| Work instructions |
Set down the full listing below word for word; pictures stay out of the copy.

| Data extract |
►

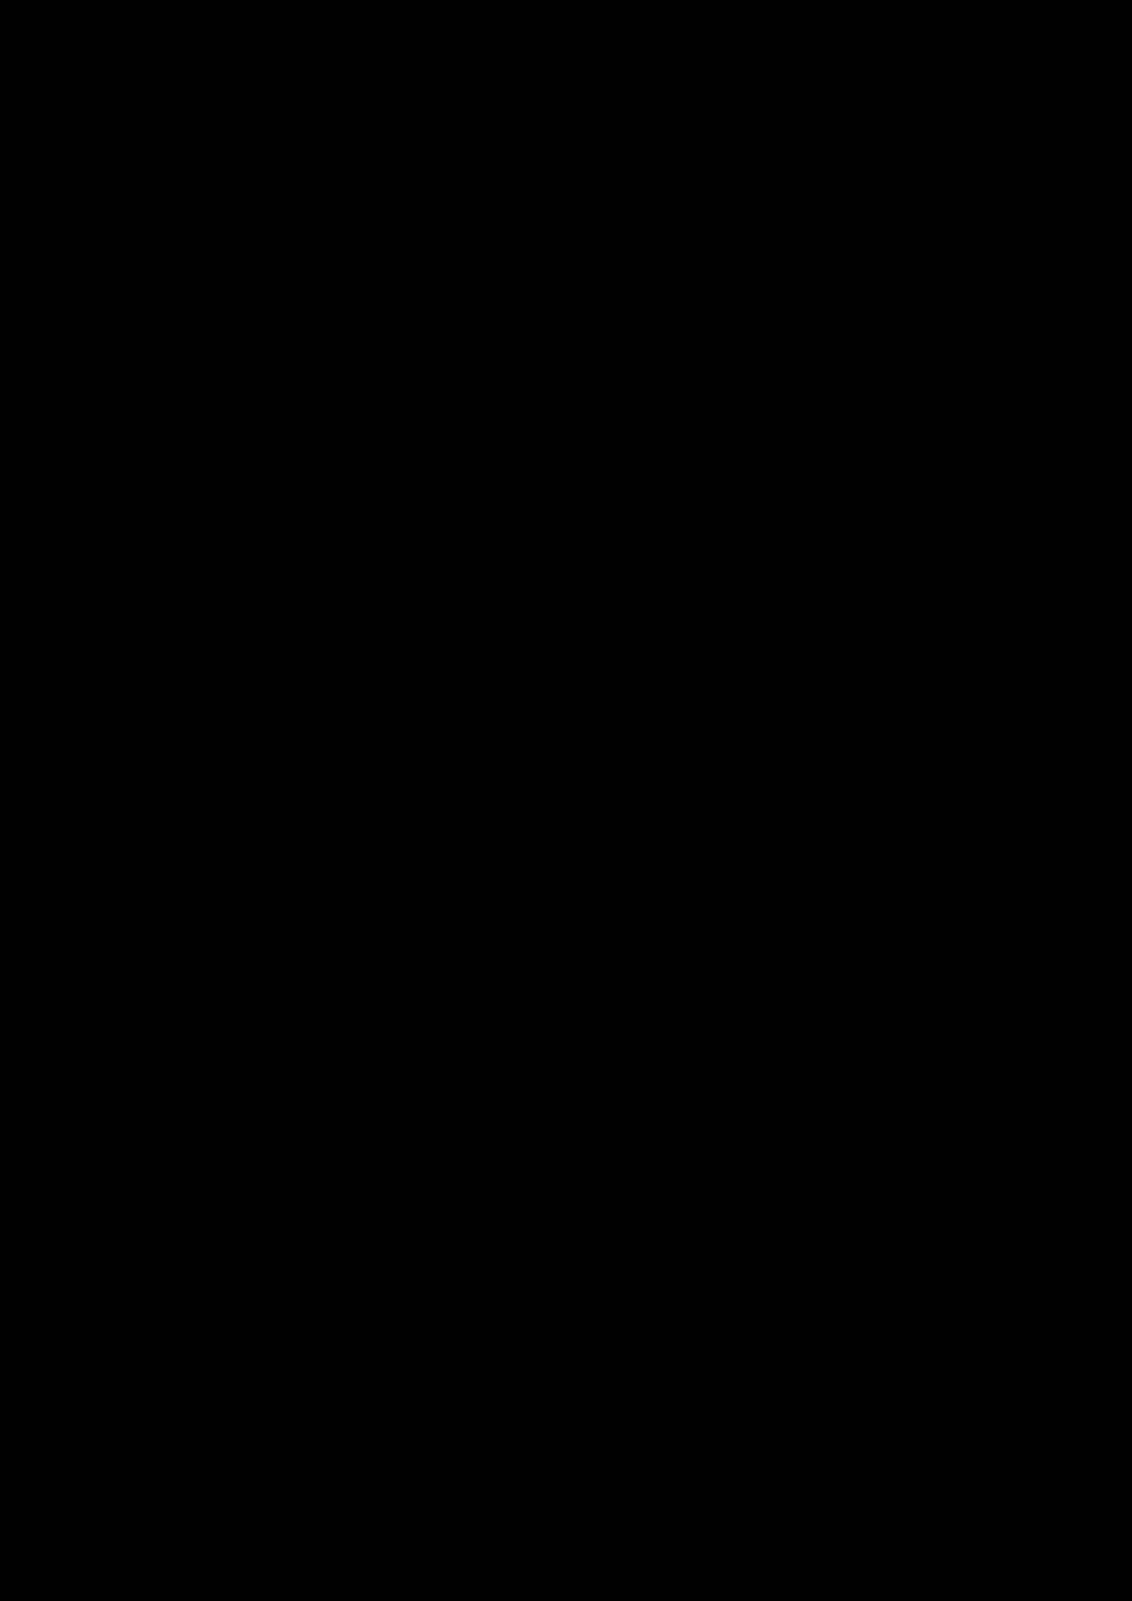 Zagadka volshebnoy stranyi slide, Image 120
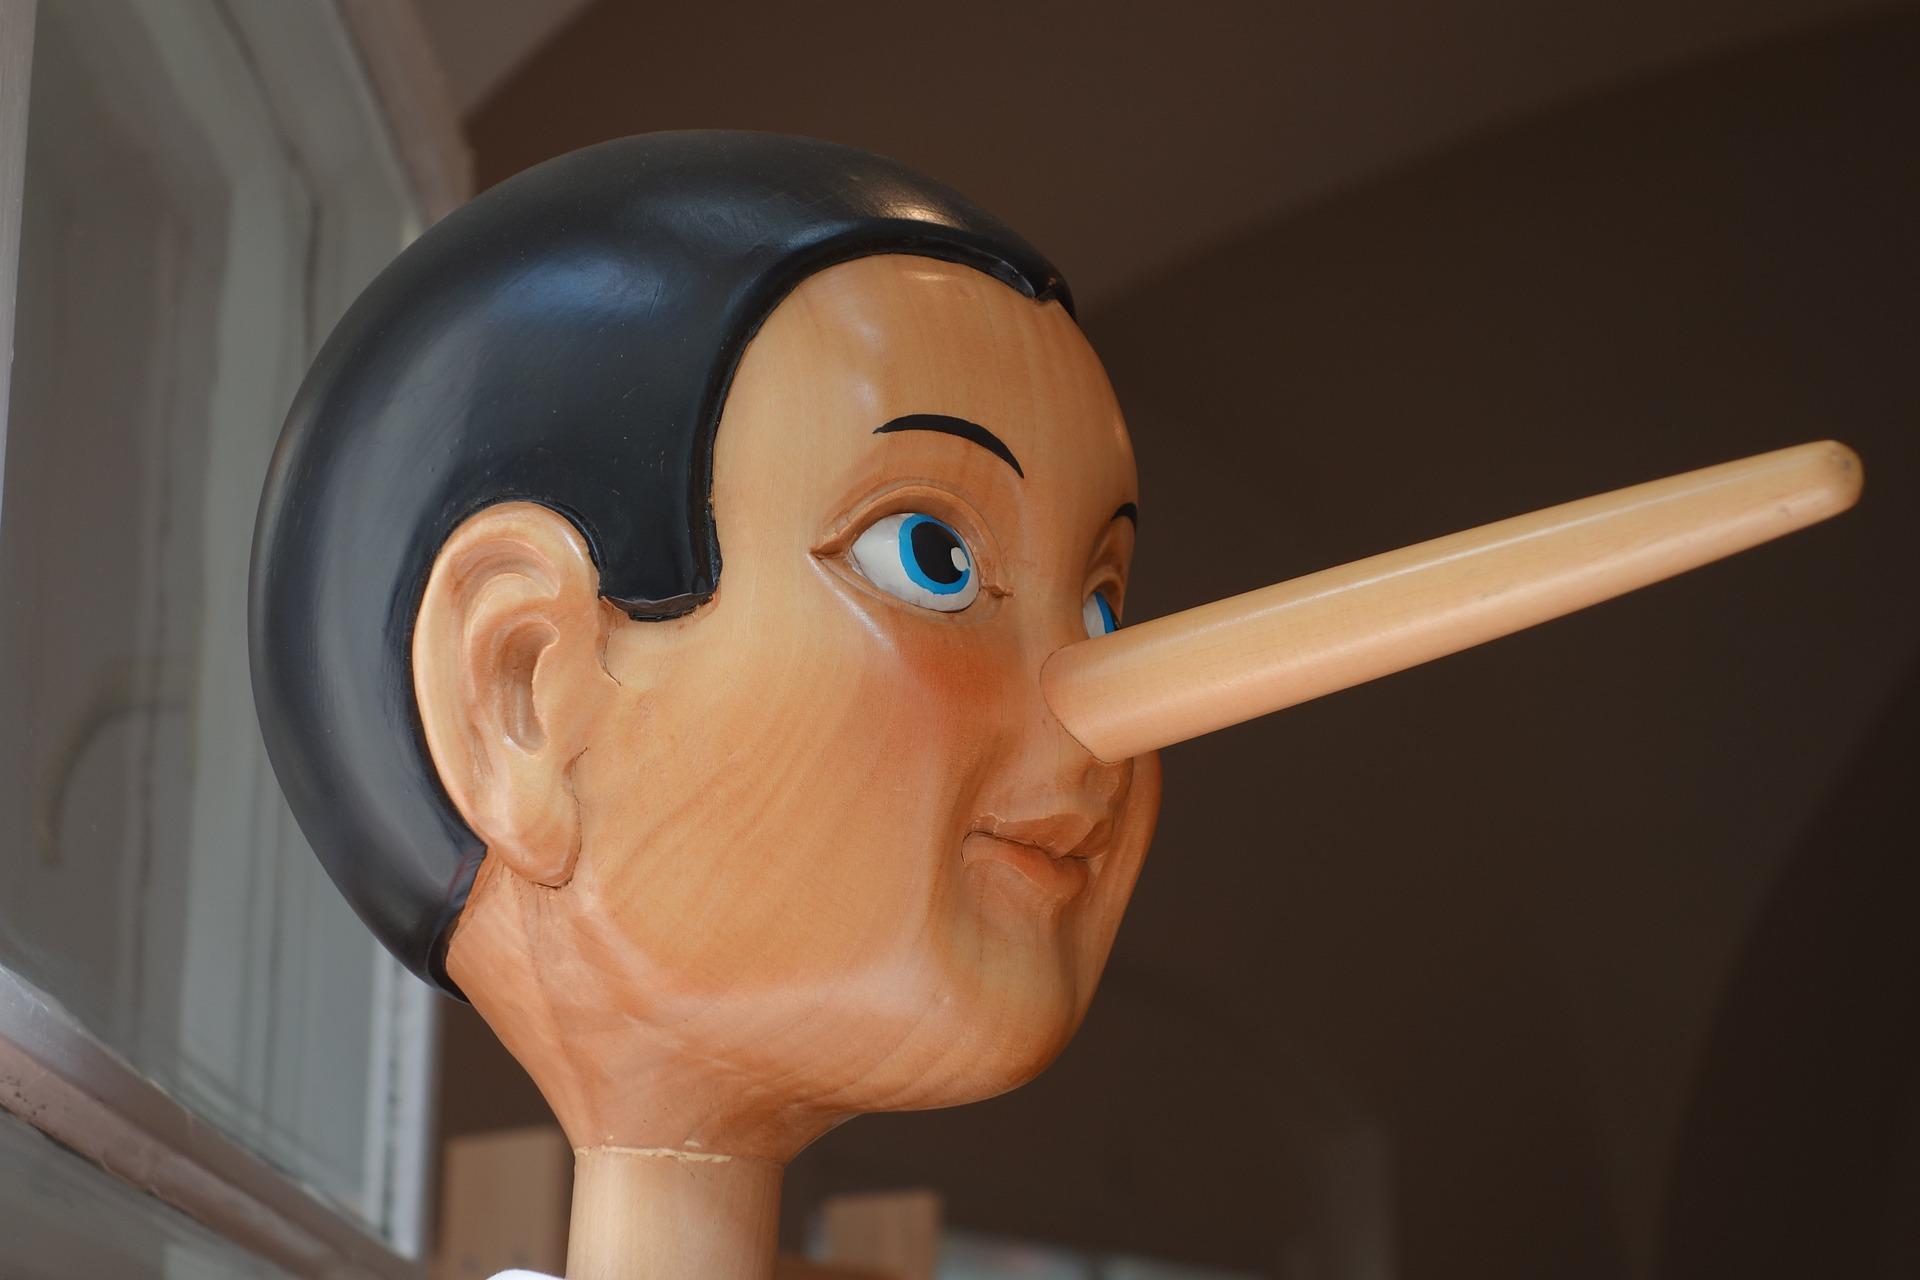 거짓말 하는 아이, 이유있는 거짓말
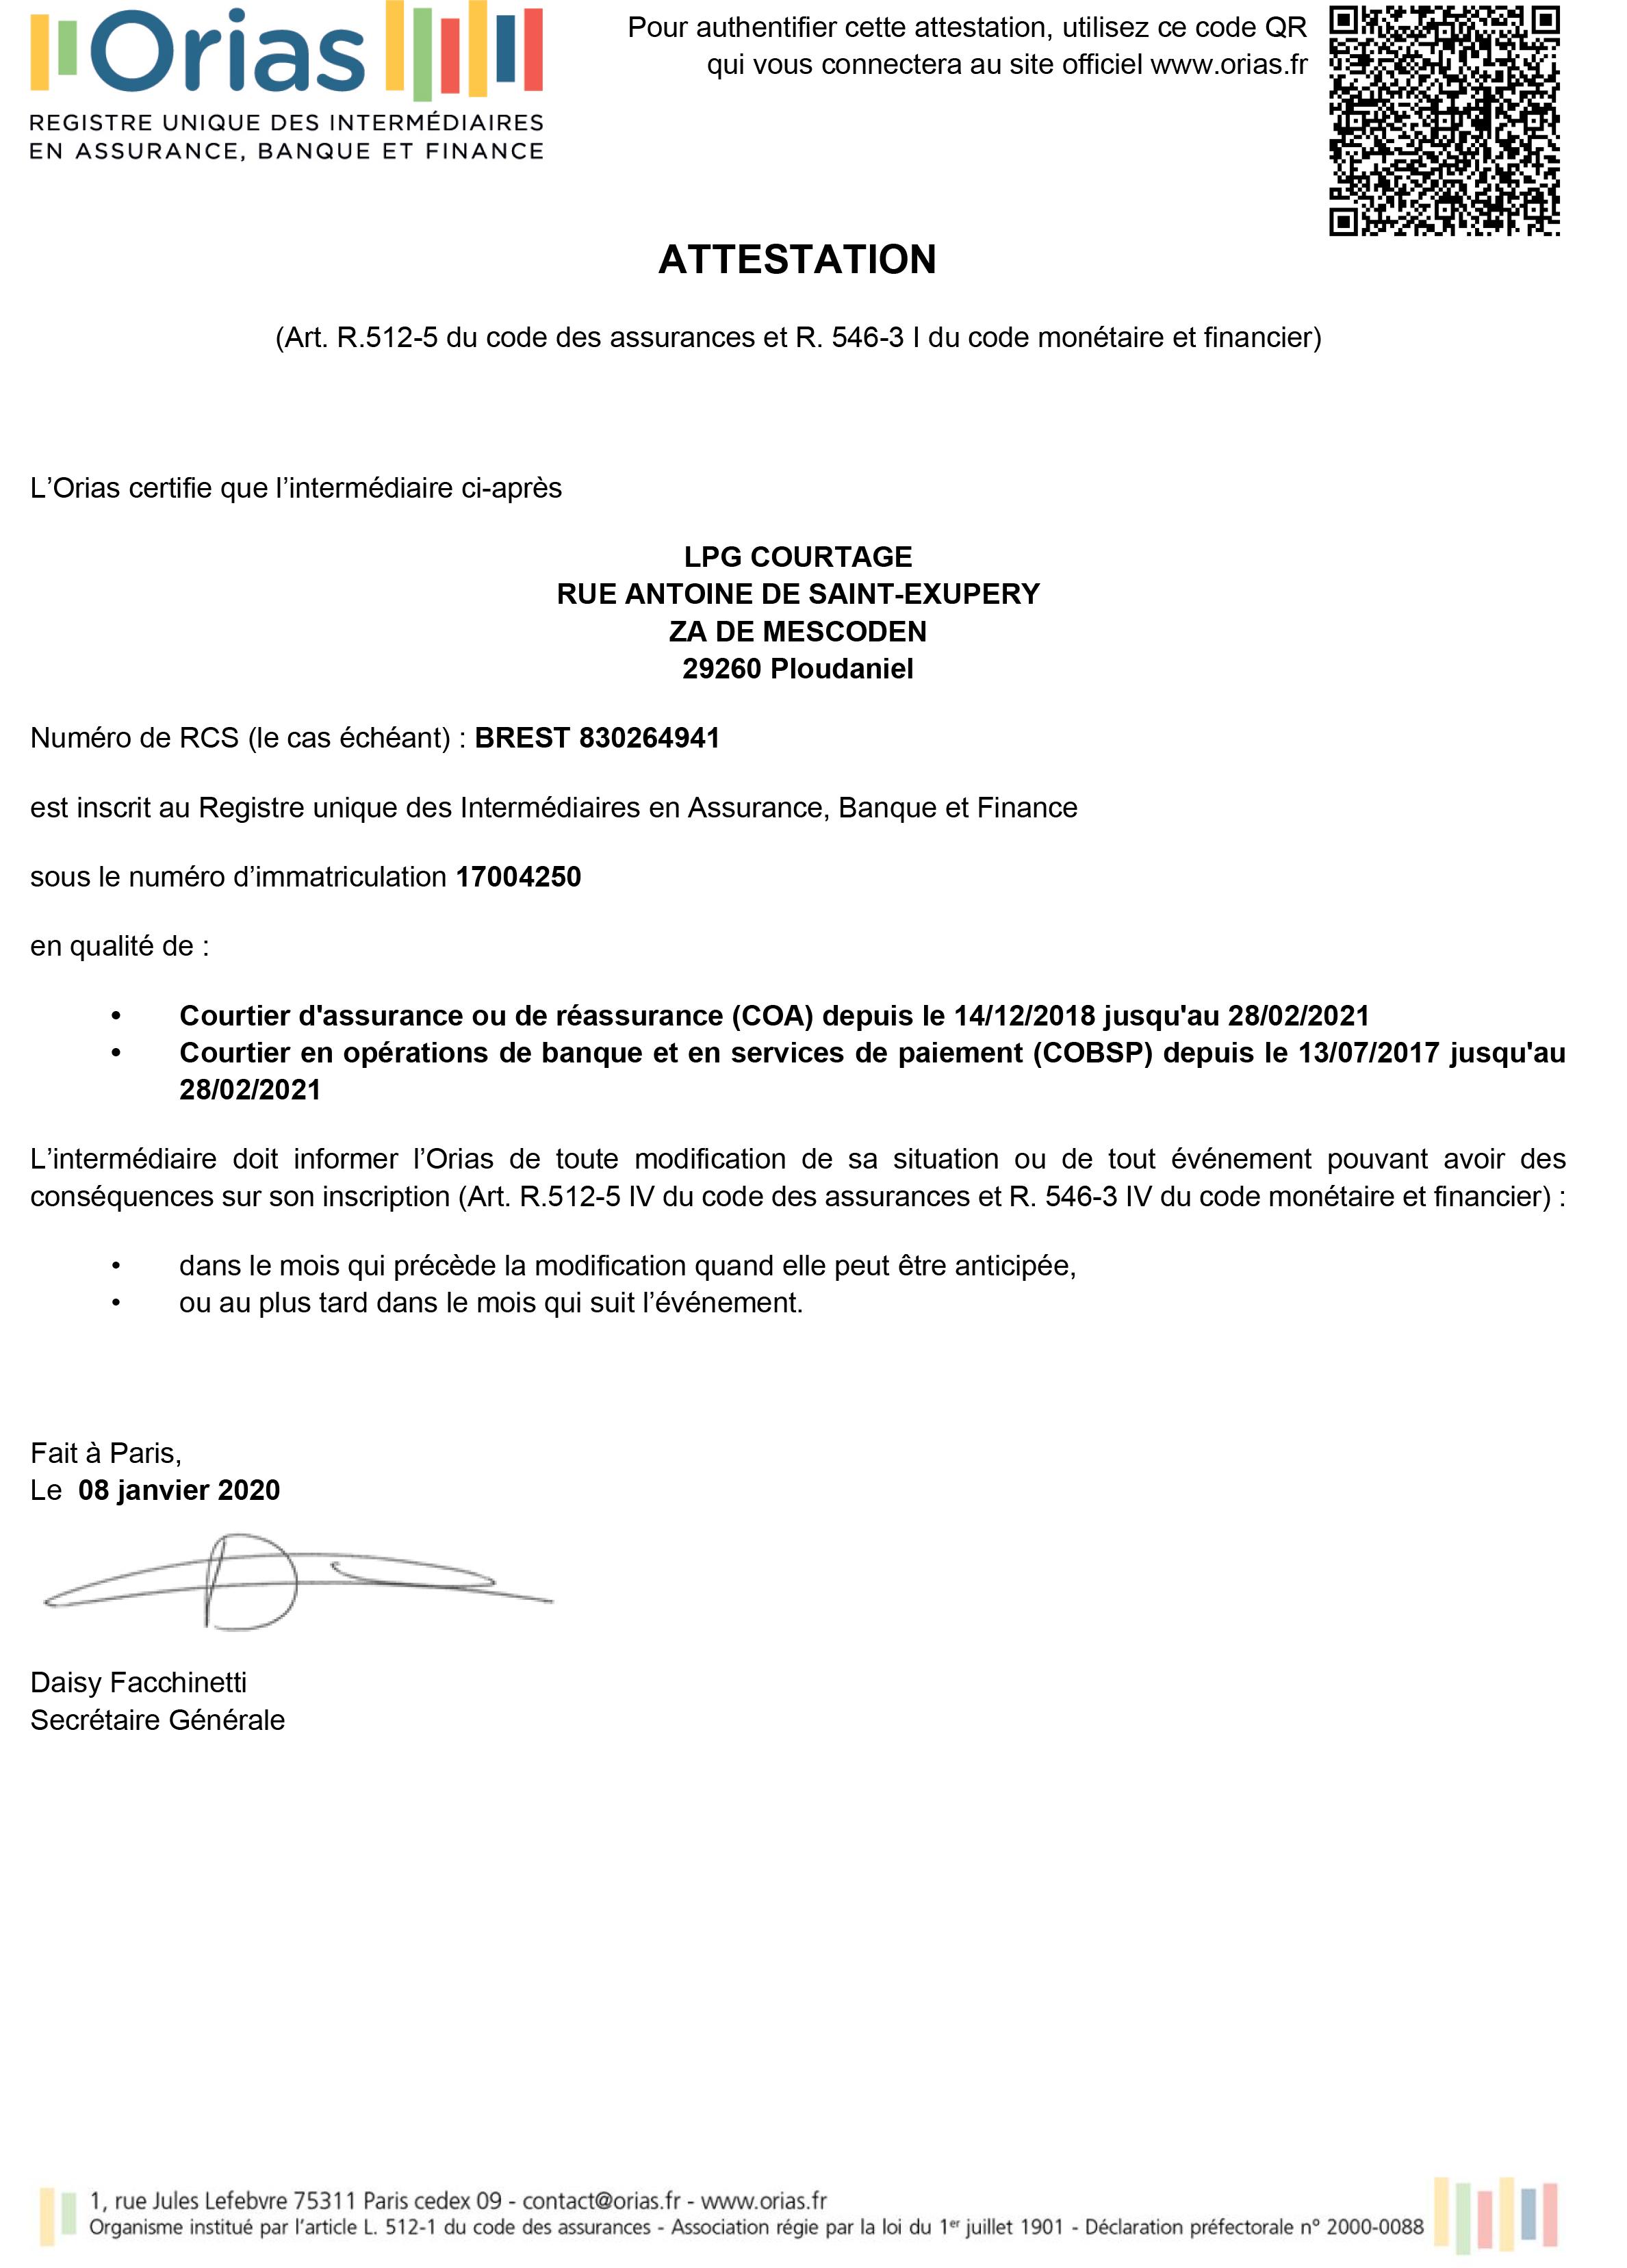 Attestation ORIAS LPG COURTAGE - Finistère

◄

| Exercise response |
 Zagadka volshebnoy stranyi slide, Image 120
 거짓말 하는 아이, 이유있는 거짓말
 Attestation ORIAS LPG COURTAGE - Finistère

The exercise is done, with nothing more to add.